▶ WORK ITEM:
Everything from the line that contains "Mens Adidas Yeezy" to the final line of the data, both ends included, must be set down exactly, apart from the pictures.

▶ INFORMATION PROVIDED:

────────────────────────────────────────

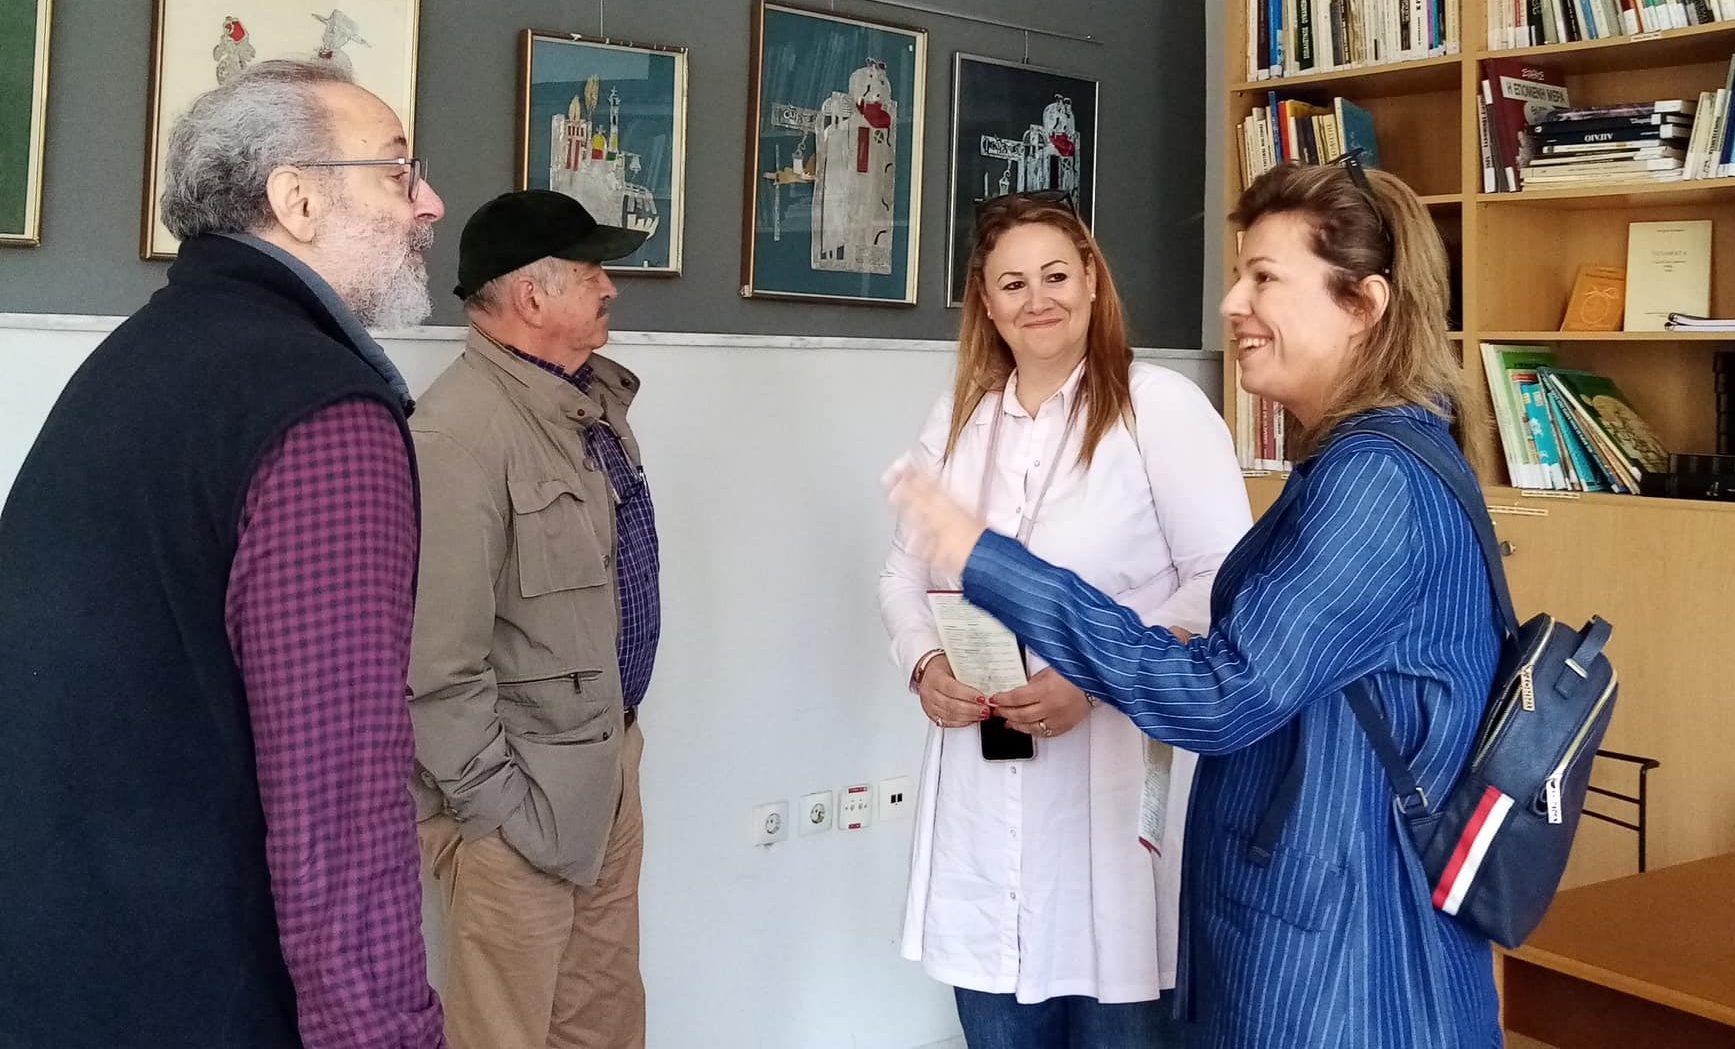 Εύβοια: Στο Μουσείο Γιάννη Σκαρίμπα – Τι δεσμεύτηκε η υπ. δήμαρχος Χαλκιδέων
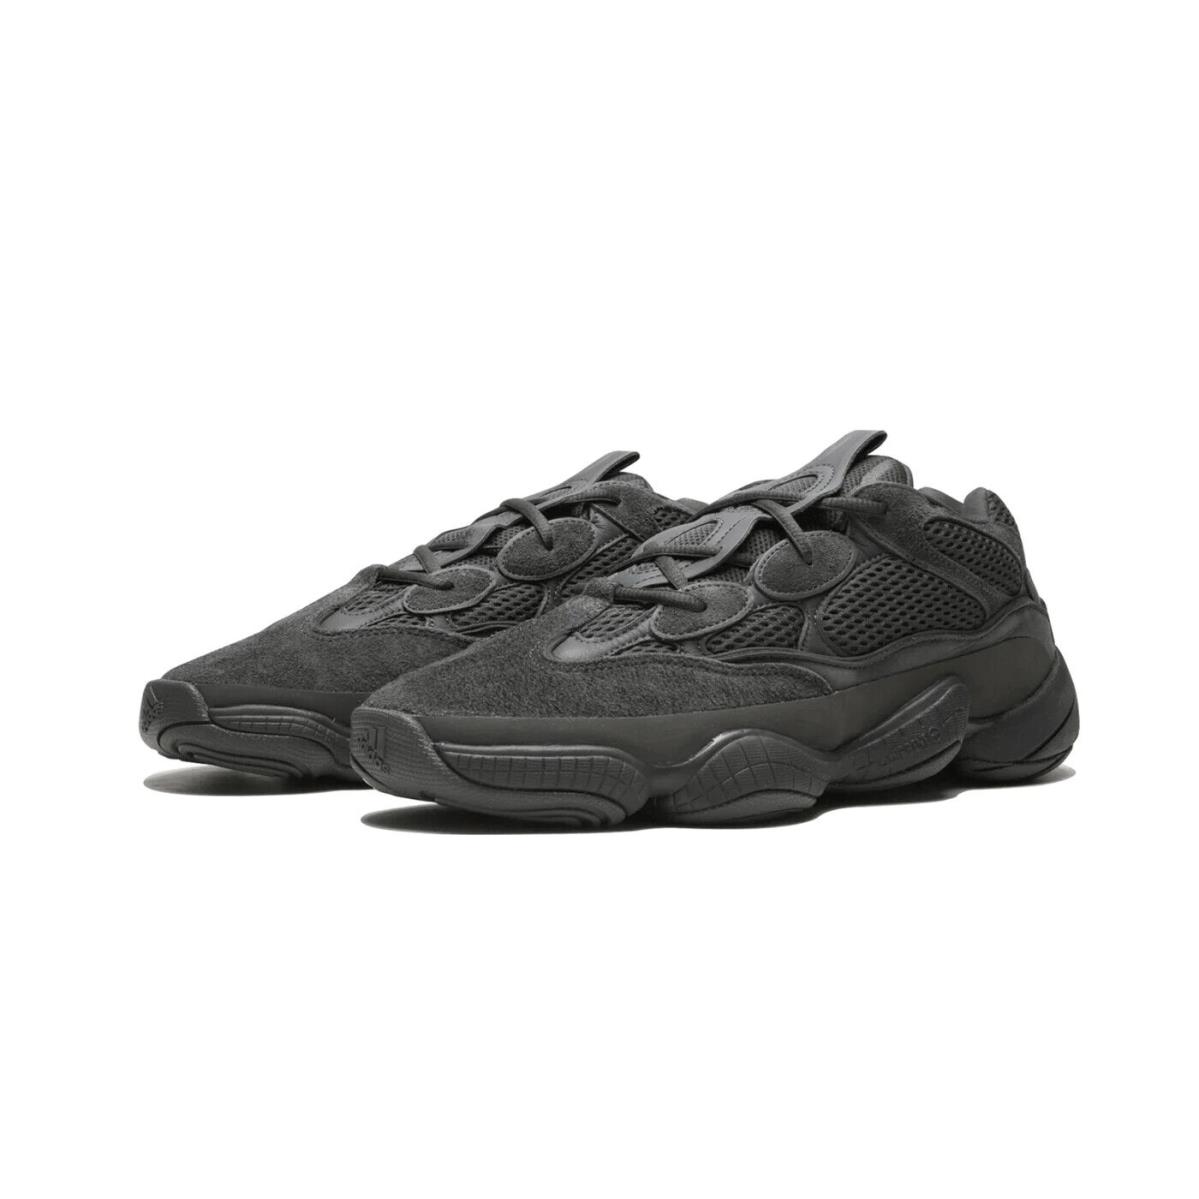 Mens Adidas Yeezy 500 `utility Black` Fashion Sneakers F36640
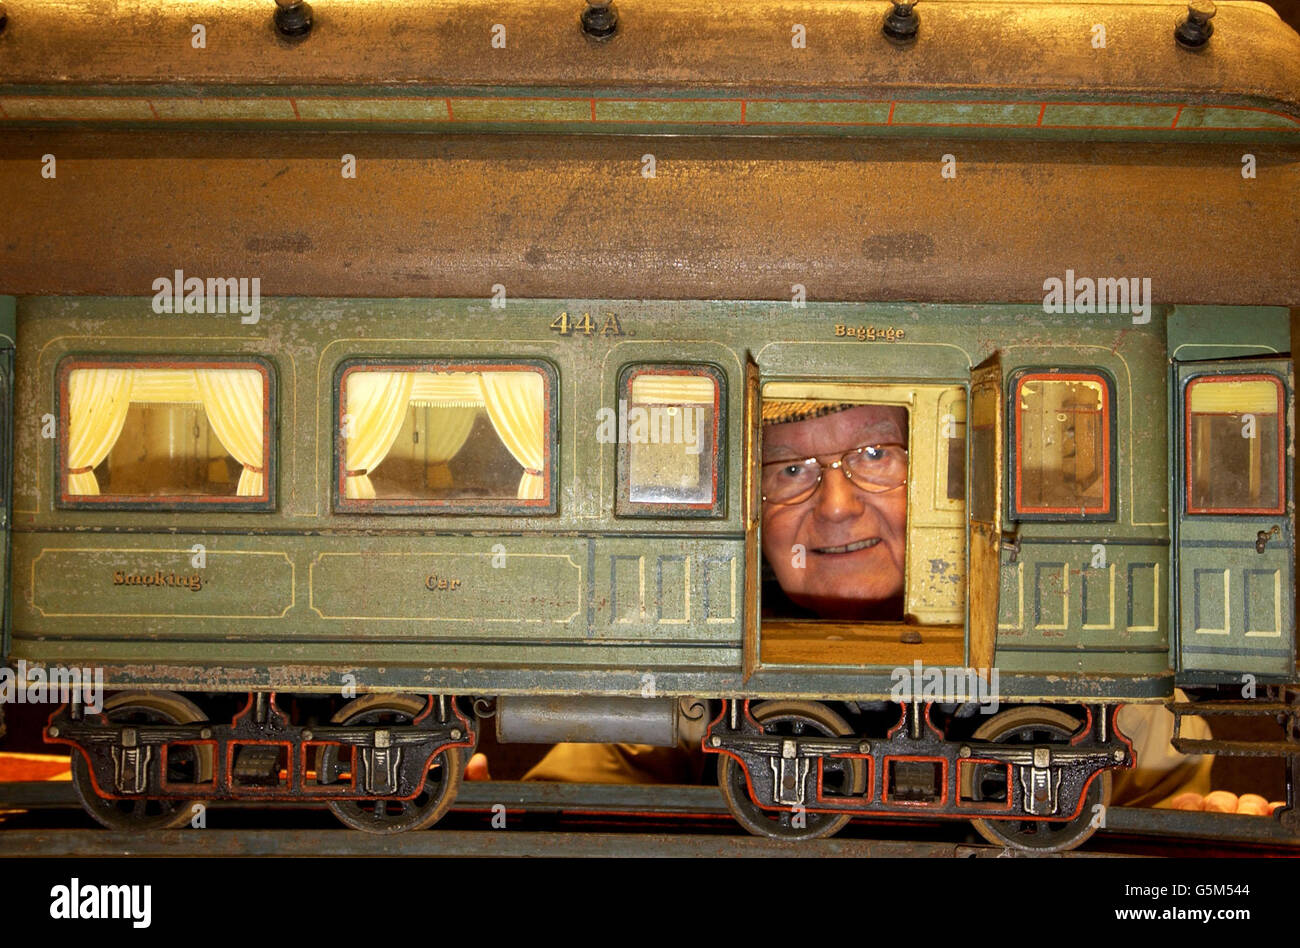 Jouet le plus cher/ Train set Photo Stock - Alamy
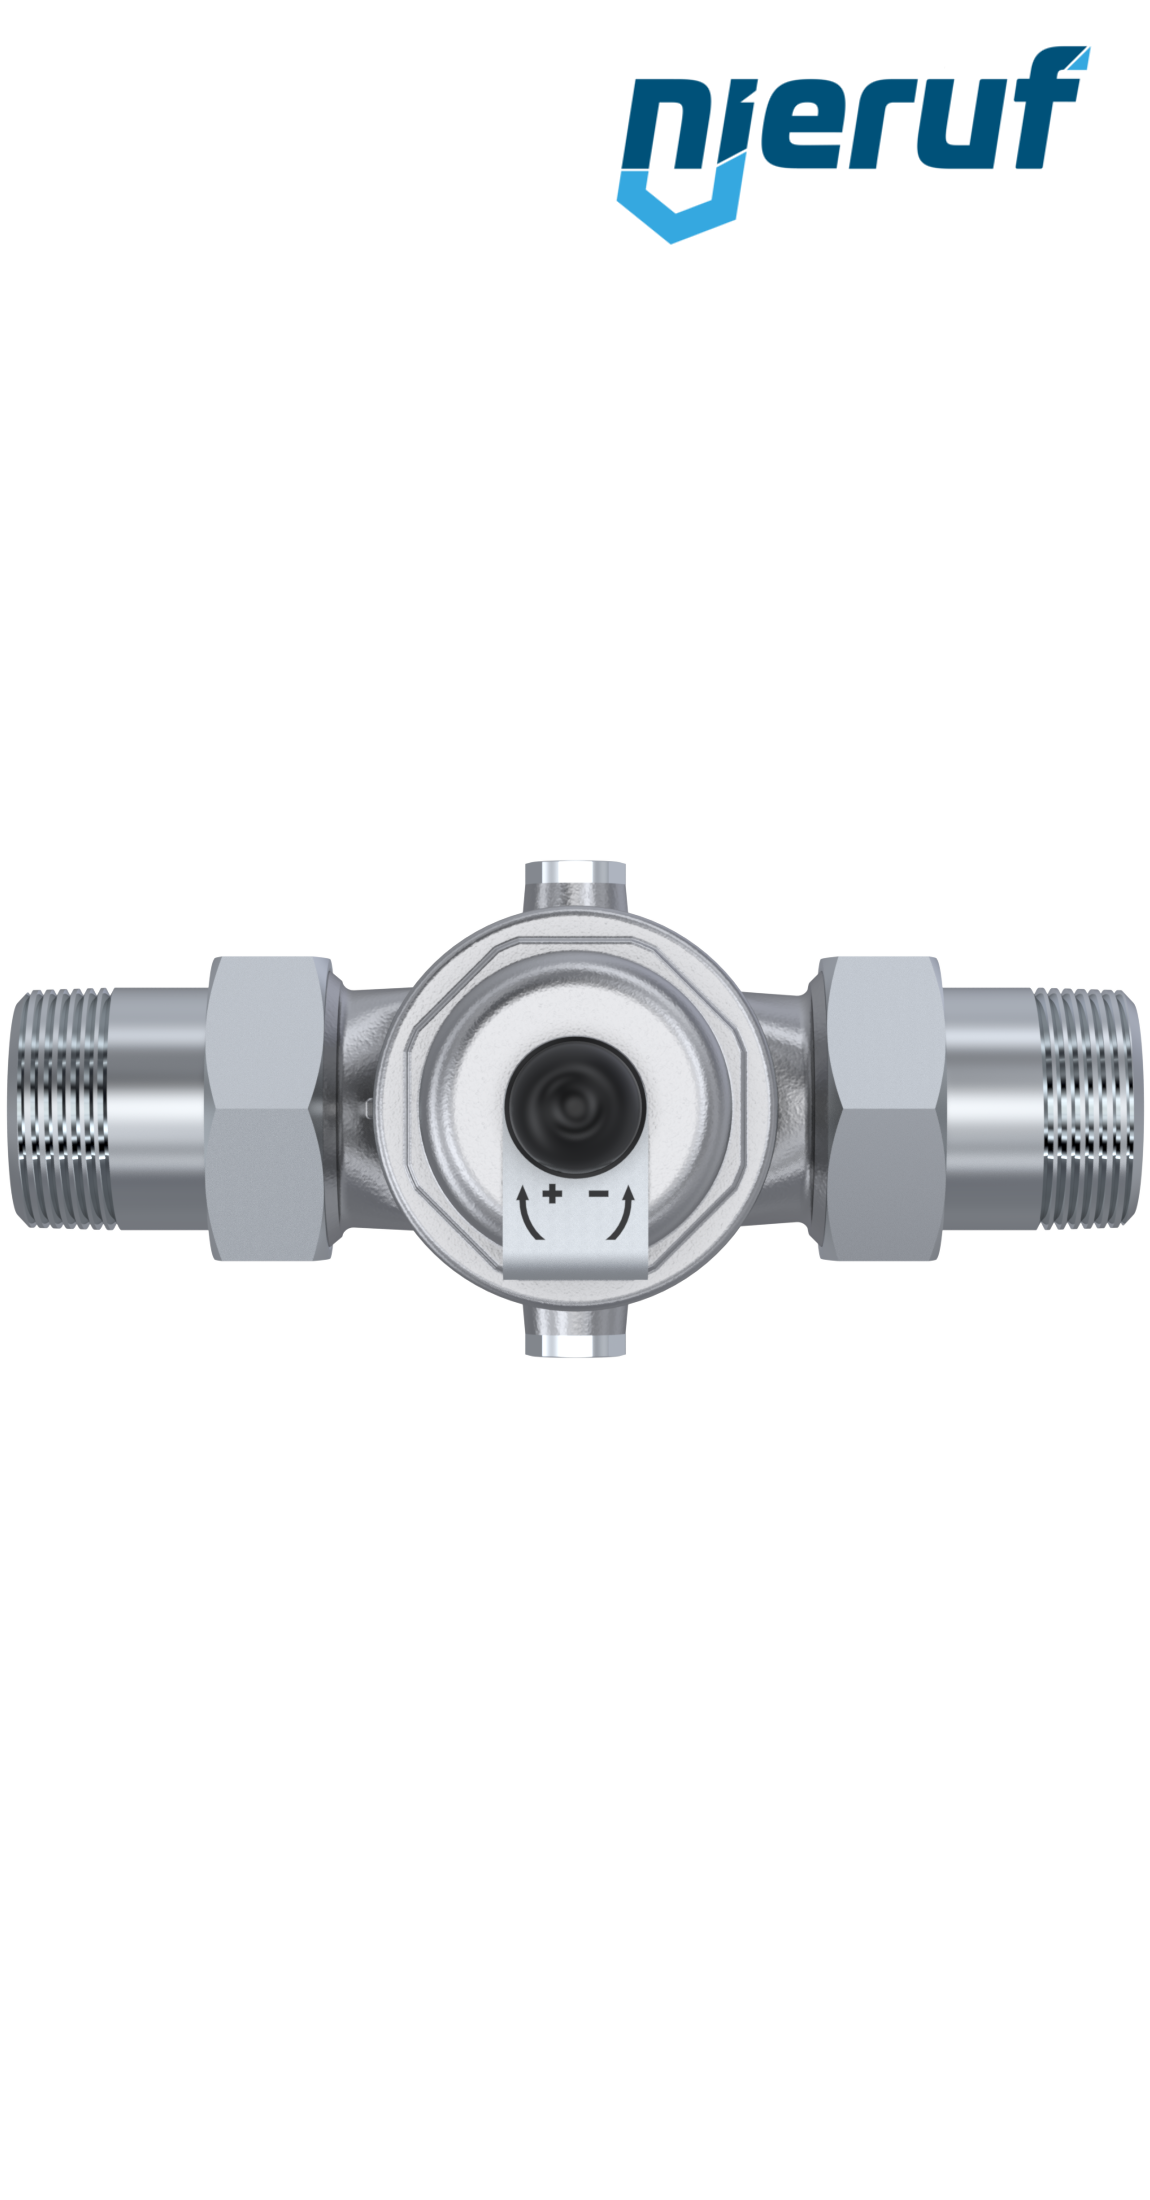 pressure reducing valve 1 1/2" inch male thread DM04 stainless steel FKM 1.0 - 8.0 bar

────────────────────────────────────────

▶ OUTPUT OF THE TASK:
 Mens Adidas Yeezy 500 `utility Black` Fashion Sneakers F36640
 Jouet le plus cher/ Train set Photo Stock - Alamy
 pressure reducing valve 1 1/2" inch male thread DM04 stainless steel FKM 1.0 - 8.0 bar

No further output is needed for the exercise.